WARSAW (Reuters) - The leader of Poland’s ruling party, Jaroslaw Kaczynski, on Thursday accused the foreign media - in particular in Germany - of repeatedly meddling in Sunday’s presidential election.
Poland is gearing up for a close vote in the election pitting President Andrzej Duda, an ally of the ruling Law and Justice (PiS) party, against centrist Warsaw mayor Rafal Trzaskowski.
The comments by the PiS leader Kaczynski, come after Duda slammed a German-owned tabloid newspaper last week for reporting on a pardon that he granted to a man who had served his sentence in a paedophilia case.
On Wednesday, Poland’s foreign ministry summoned a German charge d’affaires over a series of articles published in the German press.
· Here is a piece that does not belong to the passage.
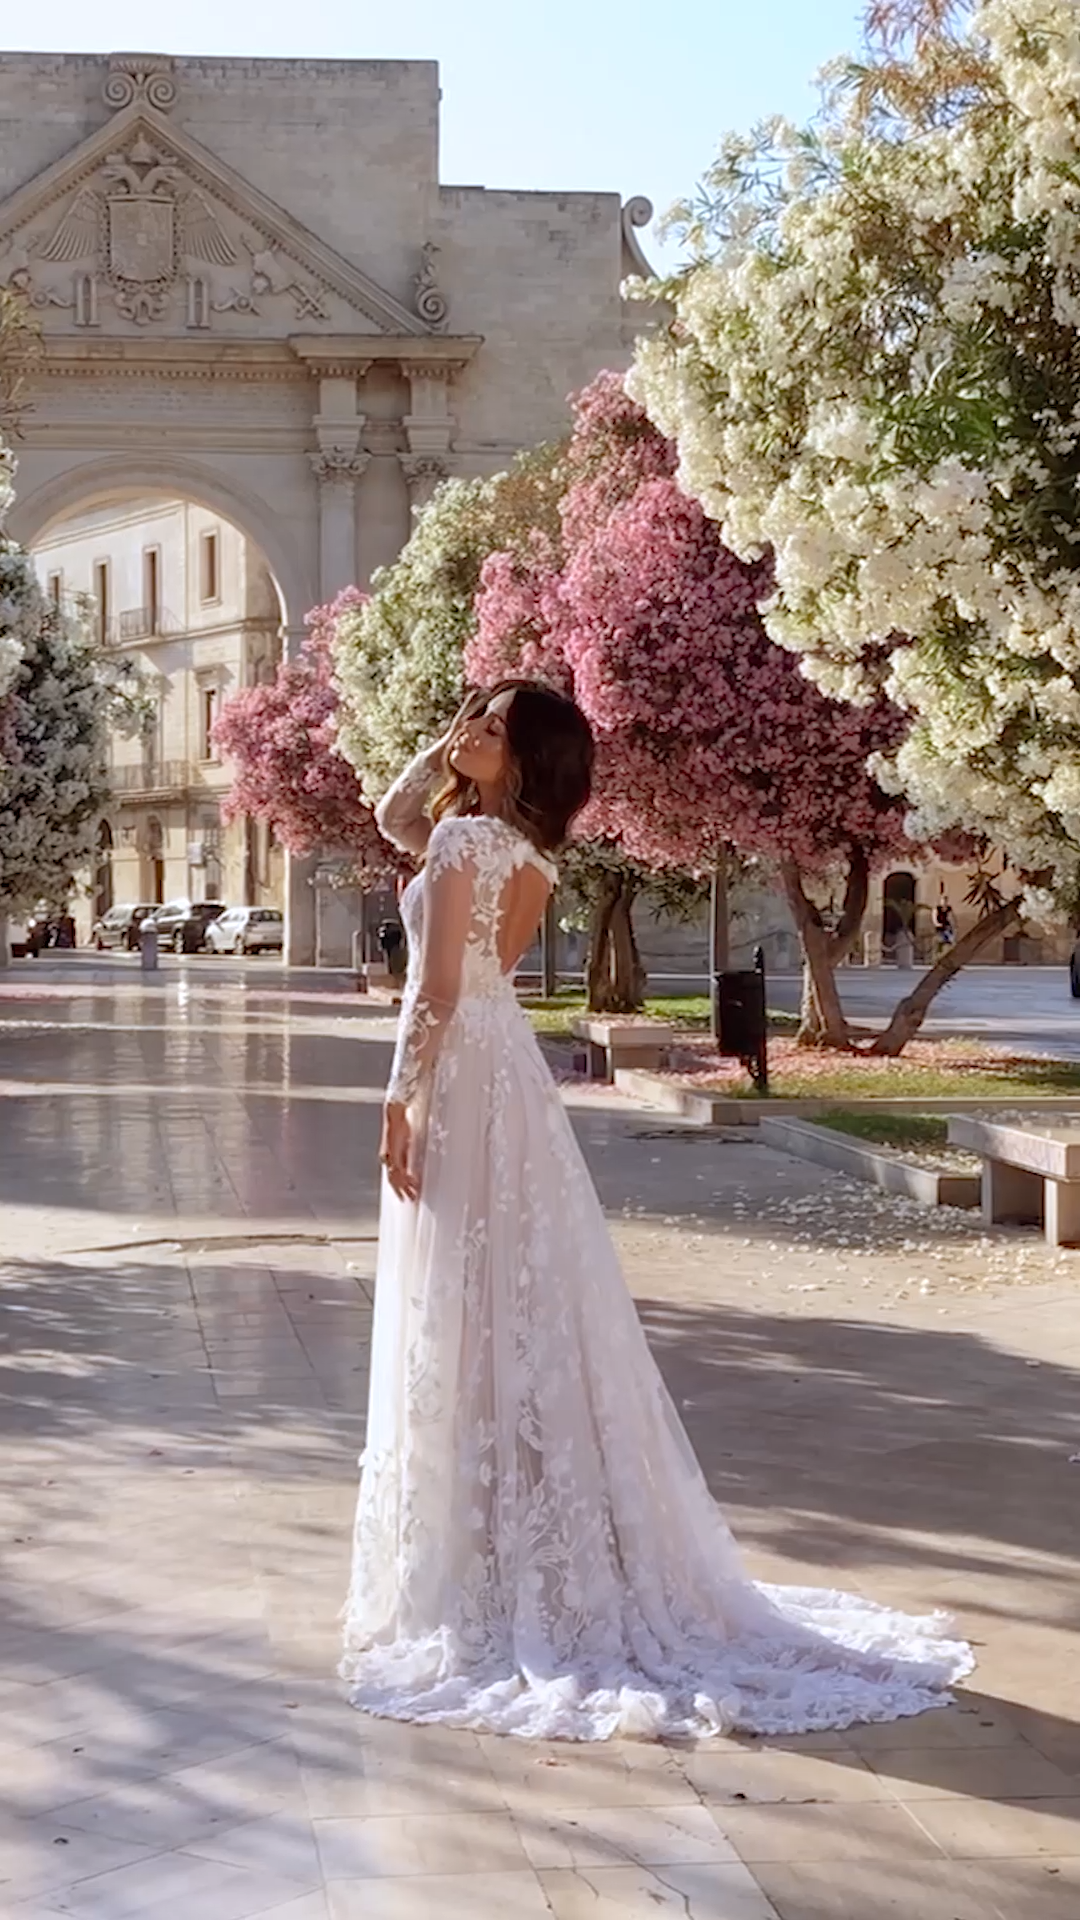 The Meadow Gown By Madi Lane Bridal Bridal Bryllupskjole Gown Simple Elegant Wedding Dress Wedding Dresses Elegant Wedding Dress [ 1920 x 1080 Pixel ]

“An unusually brutal, very far-reaching intervention by the press took place. Let’s not brush this aside. German press, simply said. In the future, we have to prevent these sorts of situations,” Kaczynski told Catholic broadcaster TV Trwam in an interview.
Duda has repeatedly criticized the foreign press during the campaign.
Trzaskowski has in turn criticised PiS for eroding media freedom and has accused public broadcaster TVP of bias and politicisation.
German politicians also criticised PiS’ position towards German-owned media outlets.
“The paranoia of Poland’s PiS government camp is leading to the usual reaction: Anti-German tirades meant to protect one of their politicians from a possible defeat in the elections,” Alexander Graf Lambsdorff, deputy chairman of Germany’s opposition pro-business Free Democratic party, told Reuters on Thursday.
PiS has long said it would like less foreign ownership of private media in Poland, accusing such outlets of anti-Polish bias.